Mabiki, the Japanese title of this book, literally means thinning or pruning. It is a euphemism for abortion and infanticide, the implication being that if a family does not have too many children, it can provide better care for those that it raises. Infanticide immediately after birth was surprisingly [End Page 567] common practice in large parts of Japan during most of the period under study, but it aroused a powerful moral debate. After a period of slow decline beginning at the end of the eighteenth century, it underwent a rapid decline during the early twentieth century, resulting in increased family sizes in those regions.

This book looks at the statistical realities and cultures of infanticide within Japan from the mid-seventeenth century to the mid-twentieth century. In addition to a geographically and temporally precise statistical analysis of the evidence available from Japan’s extraordinary surviving population records, Drixler also studies the beliefs and economic factors that made the practice common in parts of Japan. In subsequent chapters, he also looks at the beliefs and activities of people opposed to infanticide and abortion, the activities of certain feudal governments to prevent infanticide, the rapid changes in the terms of debate following the revolution of 1868, and the surprising persistence of infanticide in some areas well into the twentieth century. Drixler primarily uses the statistical approaches of historical demography (in particular, the own-children method) to infer trends in infanticide, skillfully integrating a sensitive and perceptive cultural history of ideas and debates. Each method sheds light on the facts of the other; together, they enable discoveries of great import not only to Japanese history but also to demographic history in general.

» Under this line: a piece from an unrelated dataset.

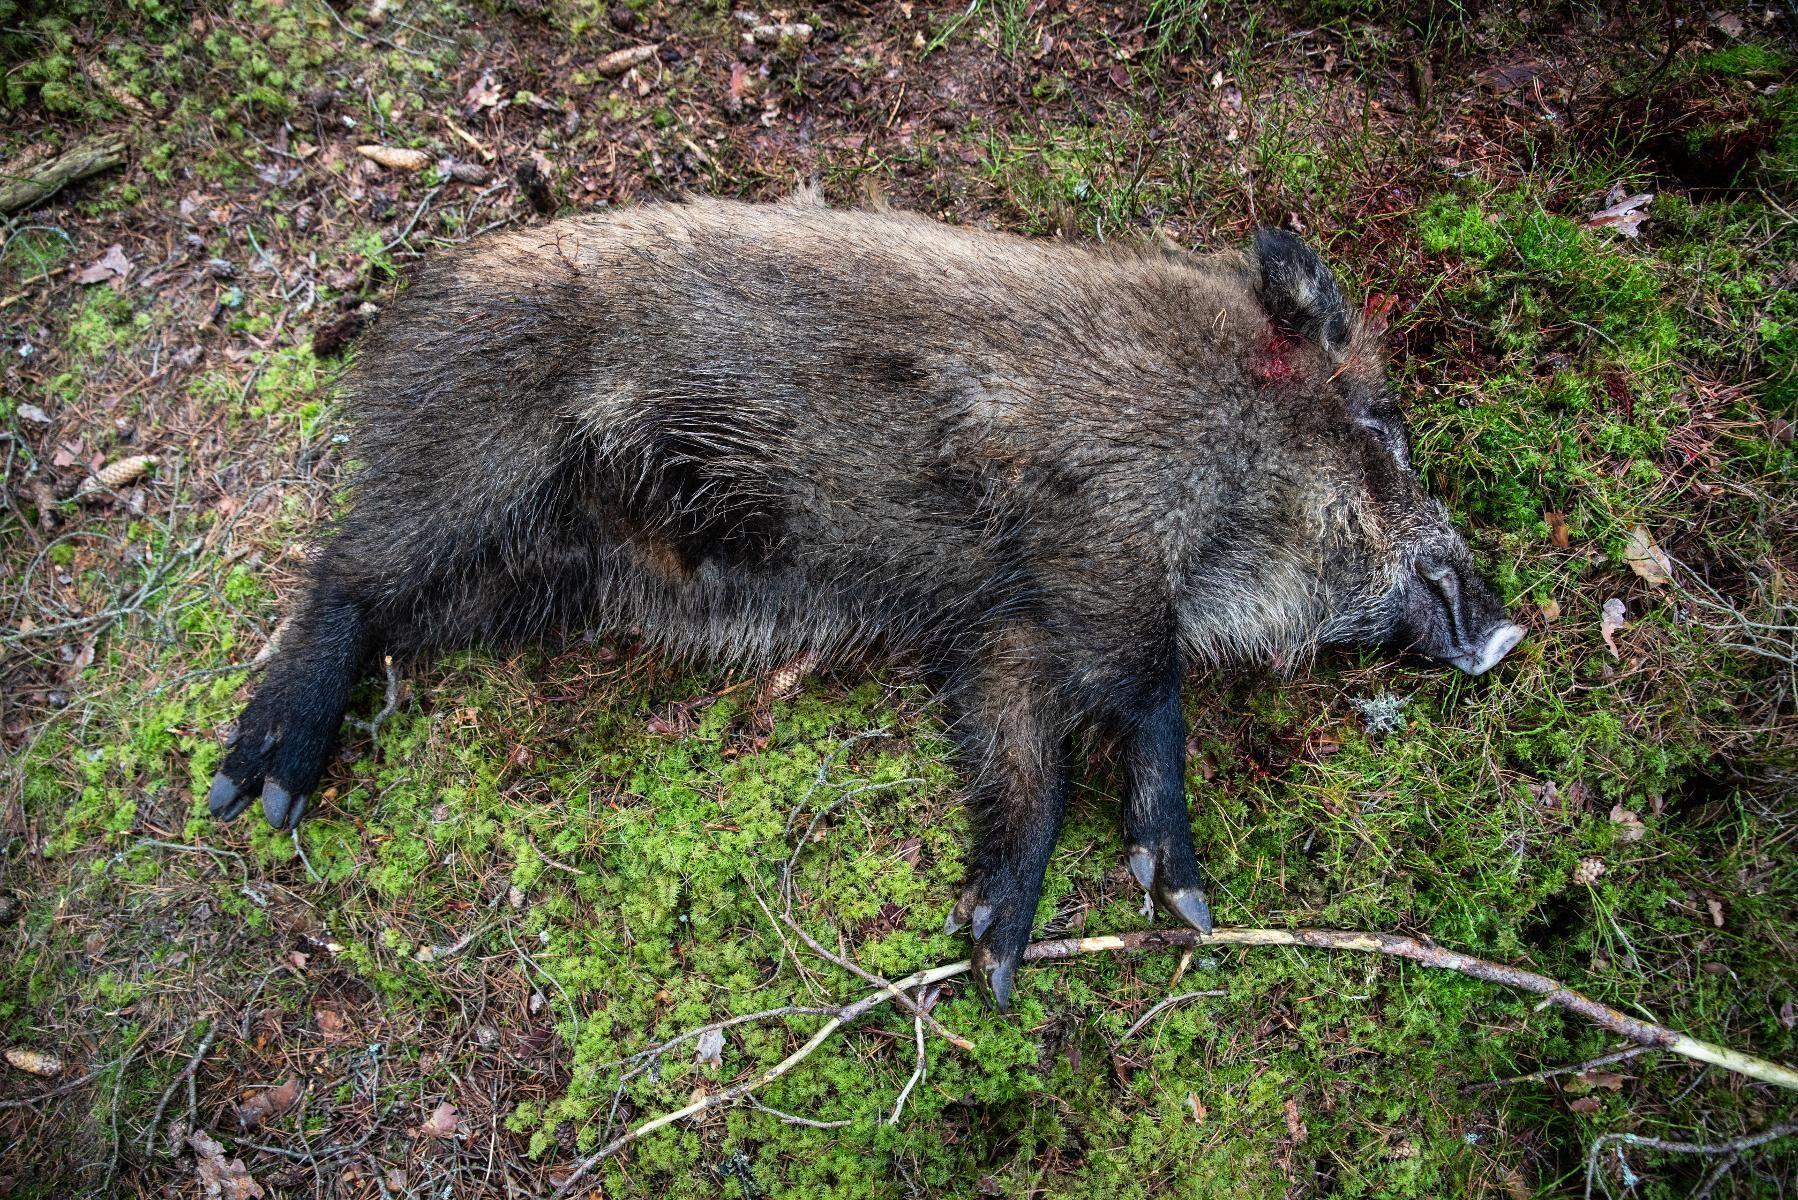 I dagsläget återstår mindre än fem vildsvin i Danmark, enligt den statliga myndigheten Naturstyrelsen. Arkivbild, tagen i Sverige.

One surprising finding challenges prevailing demographic transition theory by showing how an increase in state capacity, literacy, and regional integration went hand in hand with an increase in family size rather than the predicted decrease. This reverse fertility transition is best understood by changes in beliefs about family and society that occurred in Japan, indicating that population theorists need to take culture into account. Conversely, Drixler’s statistical approach reveals a surprising persistence of infanticide into the early twentieth century in some parts of Japan despite the fact that the topic almost disappeared from public discourse. The culture of silence led to the impression that infanticide was a phenomenon of the feudal world but not one of the modern national period. Drixler shows that vocal and active movements against the practice in certain jurisdictions of the feudal premodern period helped to lower infanticide rates locally, but other areas were largely unaffected. The early twentieth-century decline happened for reasons other than concerted government or social intervention.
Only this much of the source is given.